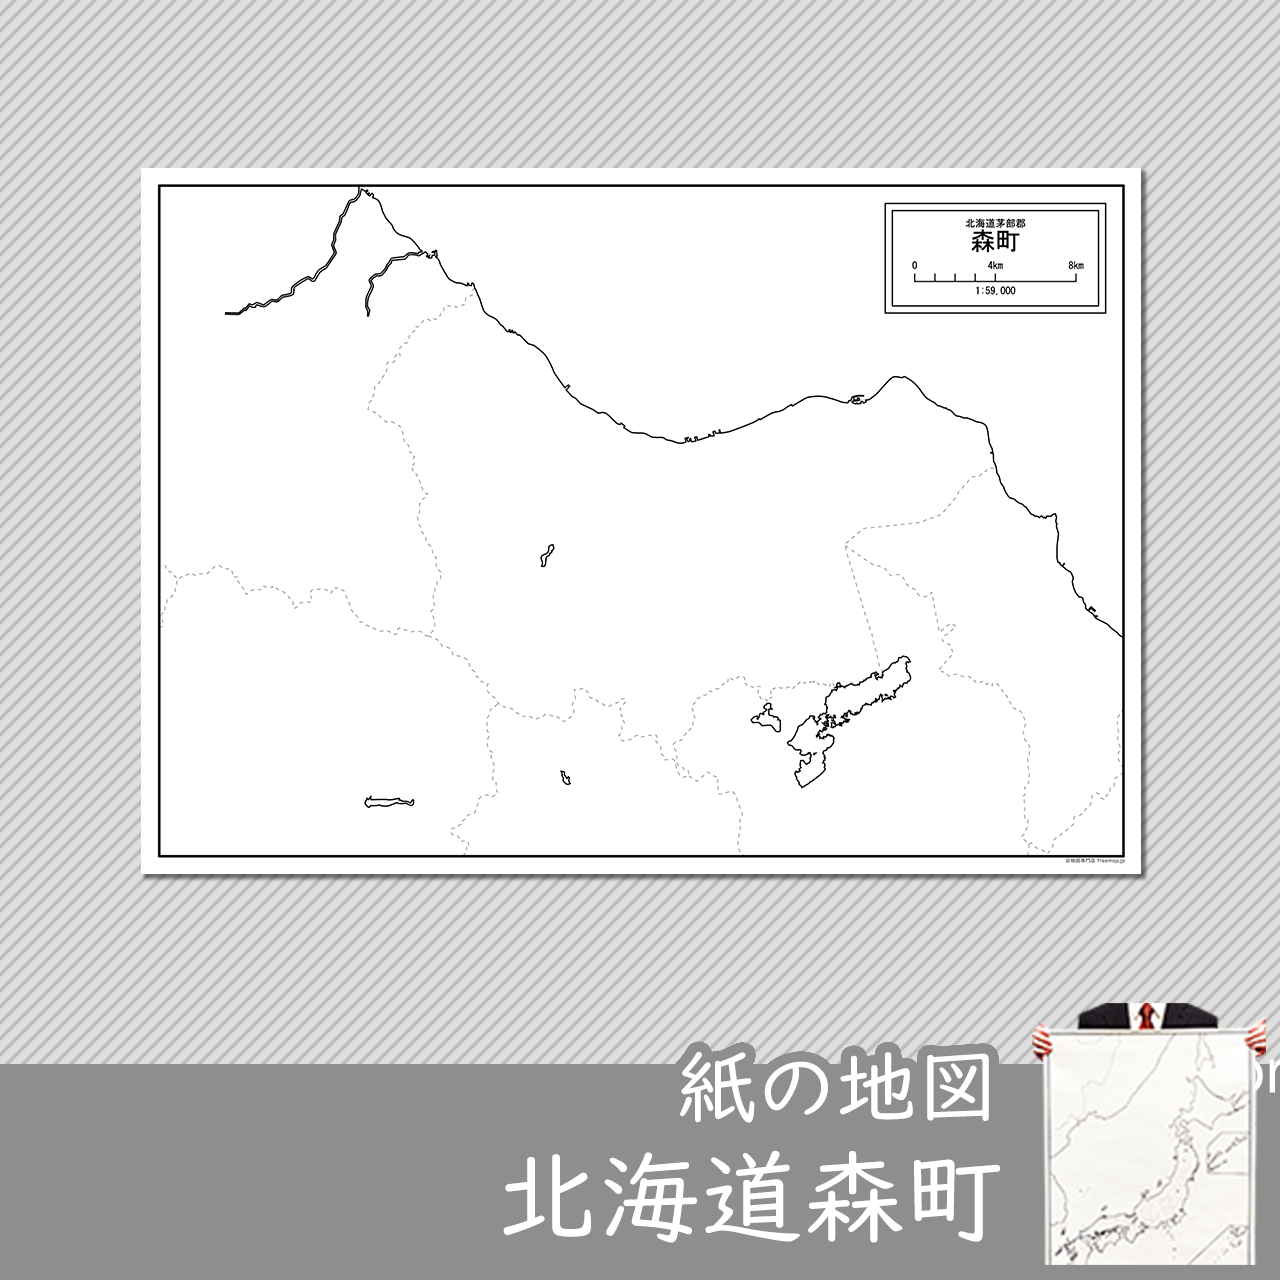 森町の紙の白地図のサムネイル
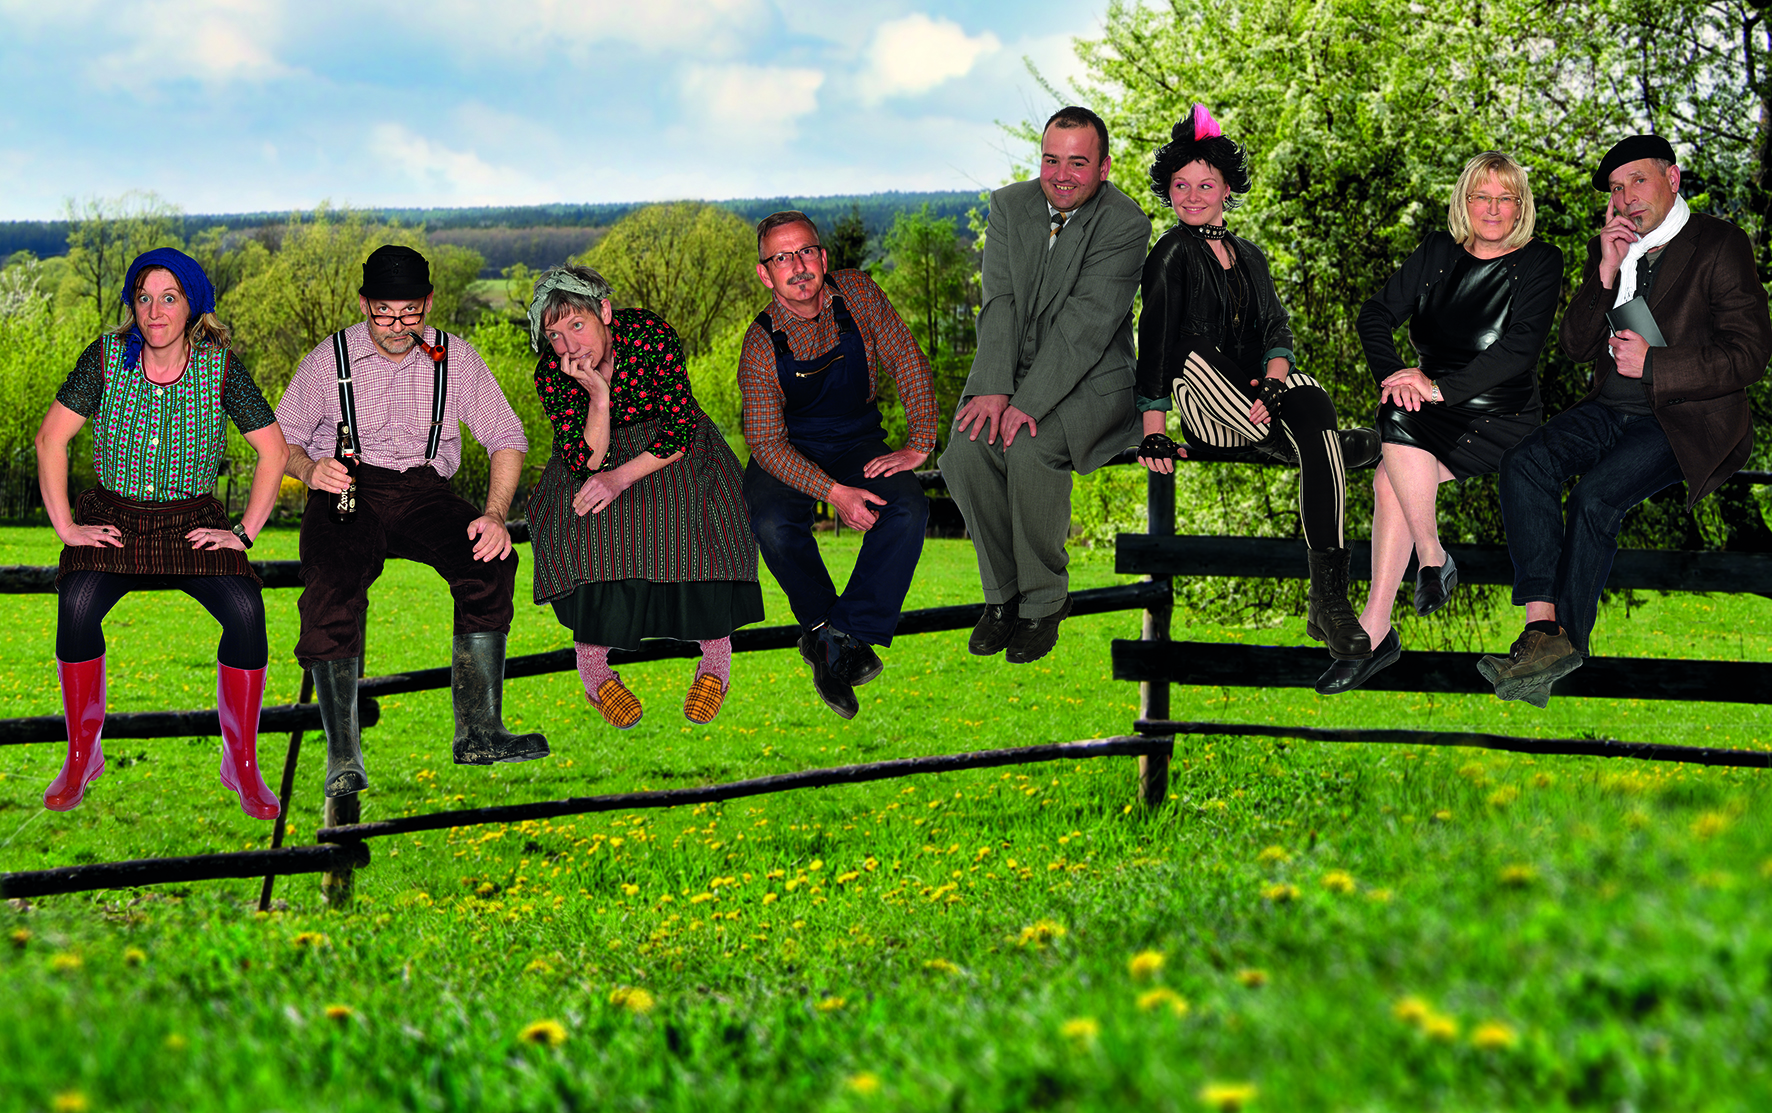 Das Bild zeigt eine Gruppe von 8 Menschen, die auf einem hölzernen Weidezaun sitzen. Die Weide ist grün, der Himmel im Hintergrund blau.
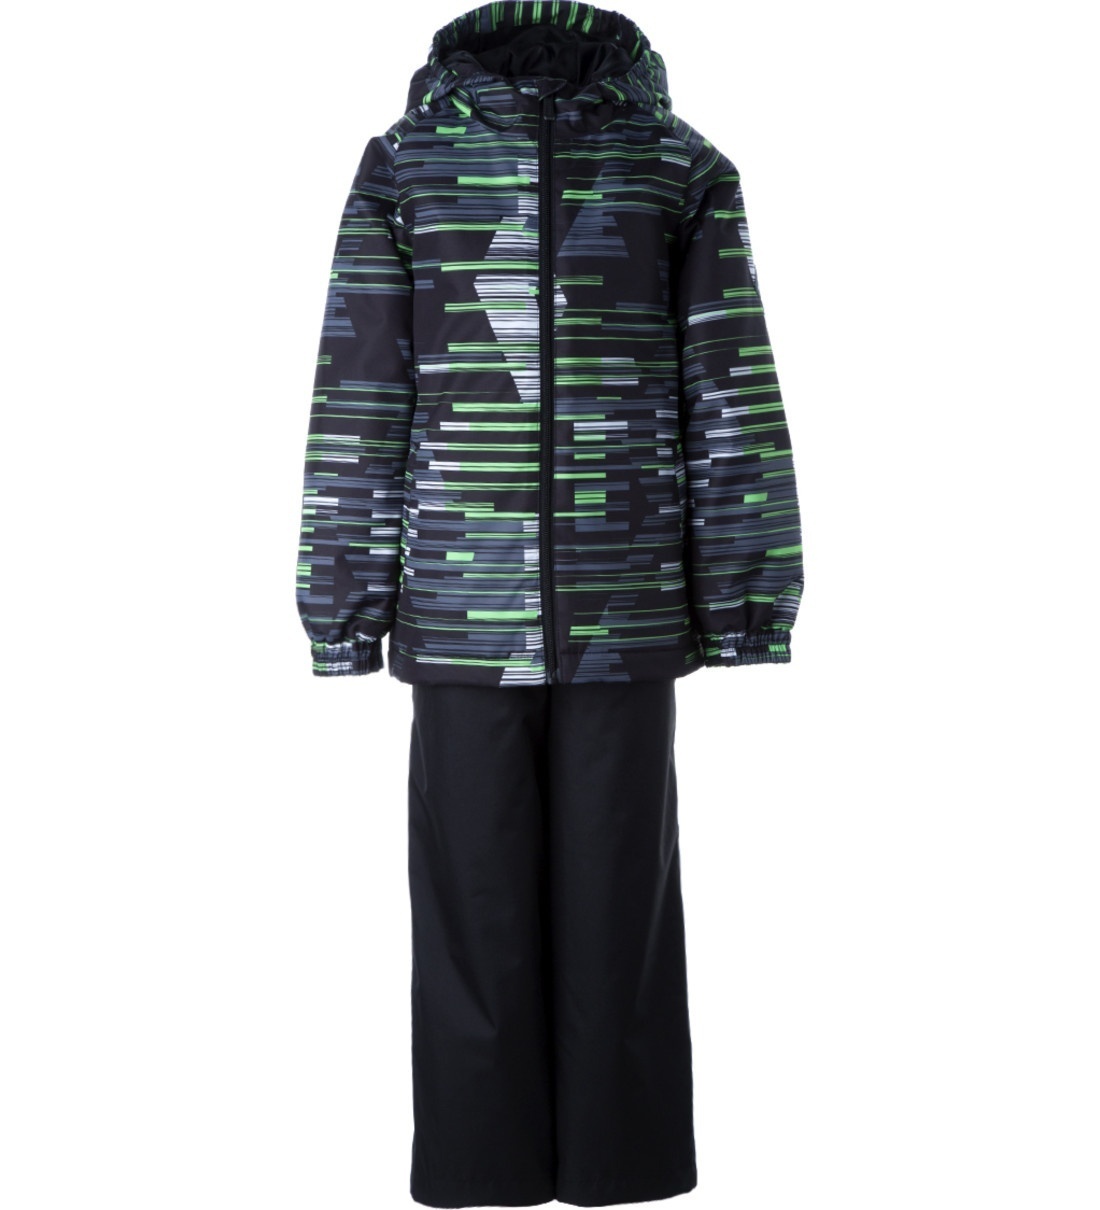 Комплект верхней одежды детский Huppa REX, салатовый, черный, 158

--------------------------------------------------

◆ **Task to carry out**
Drop the pictures and set down the data above exactly.

◆ **Answer section**
 森町の紙の白地図のサムネイル
 Das Bild zeigt eine Gruppe von 8 Menschen, die auf einem hölzernen Weidezaun sitzen. Die Weide ist grün, der Himmel im Hintergrund blau.
 Комплект верхней одежды детский Huppa REX, салатовый, черный, 158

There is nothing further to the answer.